GATLINBURG, TN — Discover Life in America (DLiA) invites the public to the tenth annual Great Smoky Mountains Salamander Ball on Wheels on Thursday, October 15, 2020 from 6:00 – 9:30 PM at Parkway Drive In Theater in Maryville, TN. This is a family friendly, COVID adapted, fundraising event for DLiA, celebrating the diversity of life in Great Smoky Mountains National Park.



This year’s Ball has been adapted to keep attendees safe in their cars but will provide great local entertainment. The lineup includes local musician Bill Mize perform acoustic guitar sets, along with a reading of the Great Smoky Mountains Salamander Ball book by author Lisa Hortsman and the main feature film Hidden Rivers. This gorgeous film, created by the non-profit Freshwaters Illustrated, showcases several waterways in our region and fits exceedingly well with our mission of biodiversity conservation.

DLIA’s annual conservation award will be presented to Richard Powers. Richard lives in Townsend, TN and is likely the first novelist ever to win the Pulitzer Prize (2019) for a book about trees. His New York Times best-selling book, The Overstory, received universal acclaim, especially among members of the environmental community. The book explores complex characters and their lifelong relationship with trees and forest ecosystems.

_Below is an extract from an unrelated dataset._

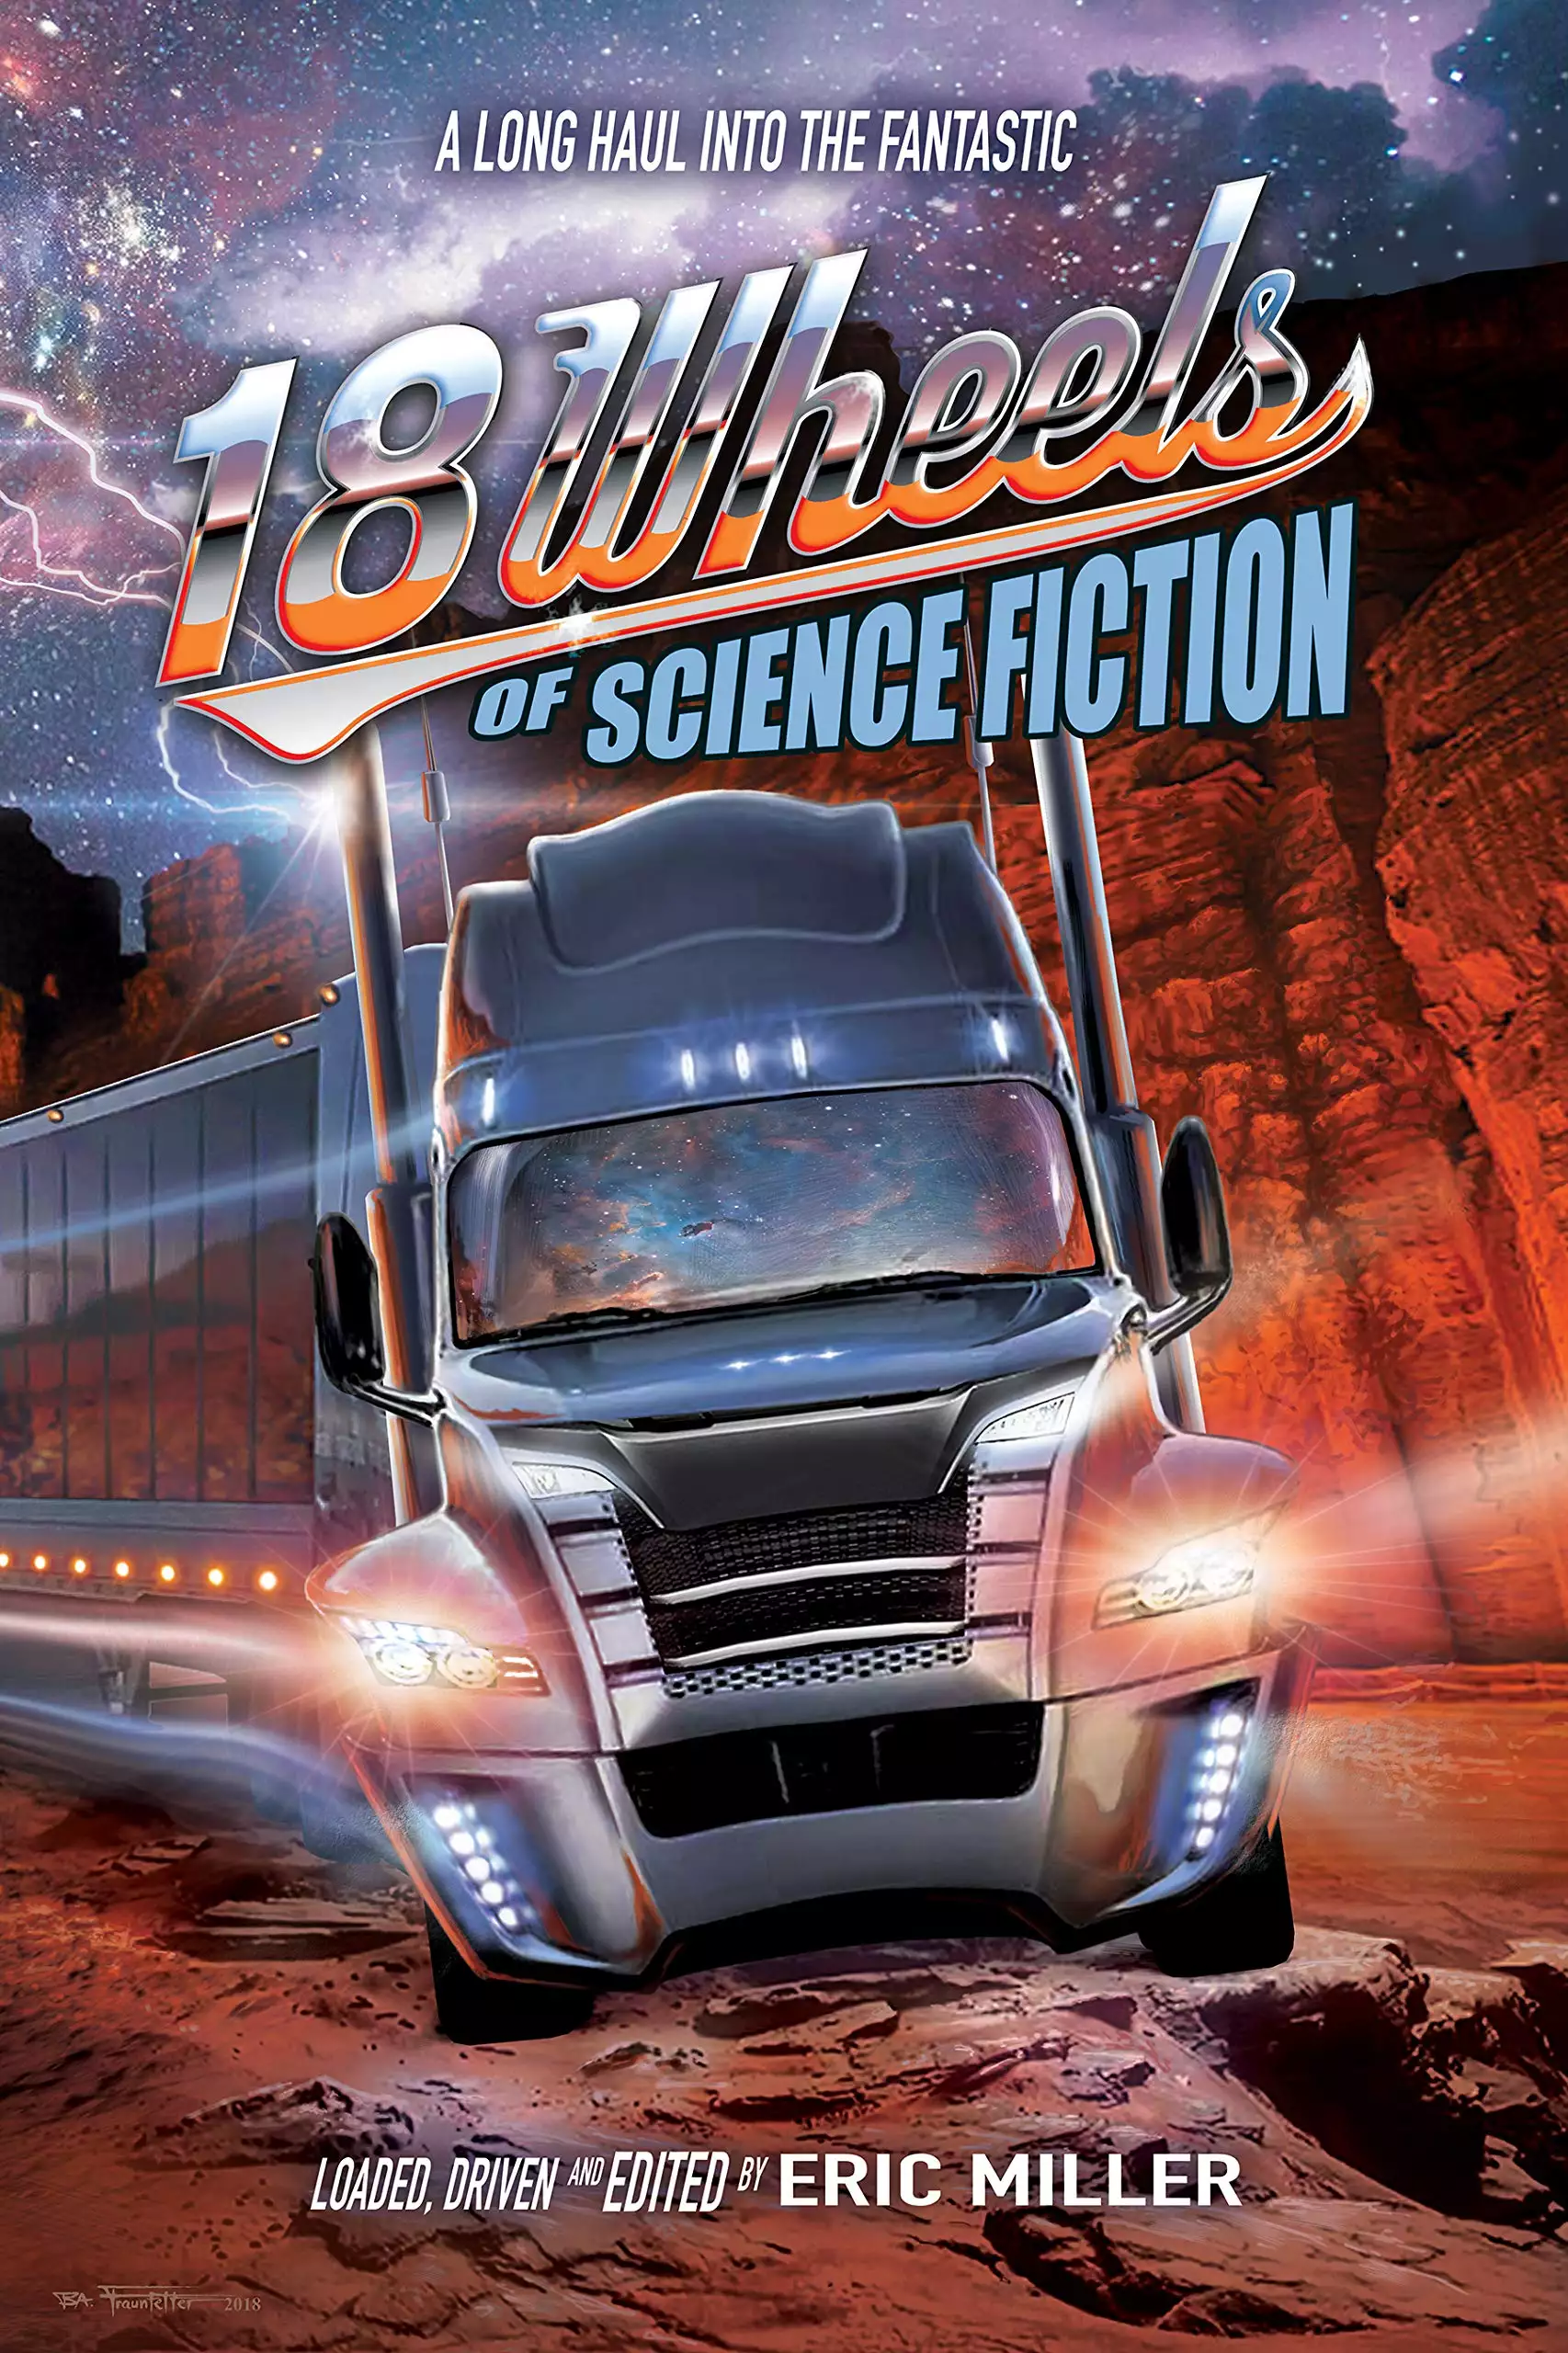 18 Wheels of Science Fiction: A Long Haul into the Fantastic

Additionally, there will be a Halloween Car-stume Contest. The top best dressed cars will receive some great prizes. Categories include spookiest, funniest, and most unique.

Salamander Ball tickets can be purchased for $40 per car. Sponsorships for the event are also available! For more information and to purchase tickets, visit dlia.org/event/salamander-ball-2020. All proceeds from this event fund DLiA’s mission in the Smokies.

Since its establishment in 1998, DLiA has been committed to discovering, understanding, and conserving biological diversity around the globe. Their flagship project, the All Taxa Biodiversity Inventory (ATBI), aims to catalog every kind of plant, animal, and other organism inhabiting Great Smoky Mountains National Park. To date, the ATBI has discovered over 10,000 species in the park, including more than 1,000 new species to science, but there is much more to discover!



“The Smokies faces a number of outside threats from air pollution to over development,” said Todd Witcher, Executive Director of DLiA. “The ATBI is more than just identifying and counting species of life. It is about understanding habitats, ecosystems, and relationships between species. We know so little about the web of life, and so many species are disappearing forever. The more we understand about the natural world, the better equipped we are to preserve and maintain it.”

DLiA’s mission is to discover, understand, and conserve biological diversity. DLiA’s flagship project, the ATBI (All Taxa Biodiversity Inventory), is a joint effort with the National Park System to identify and understand every species within Great Smoky Mountains National Park. To date, DLiA has helped add over 10,000 species to the inventory of life in the park, 1,026 which are new to science.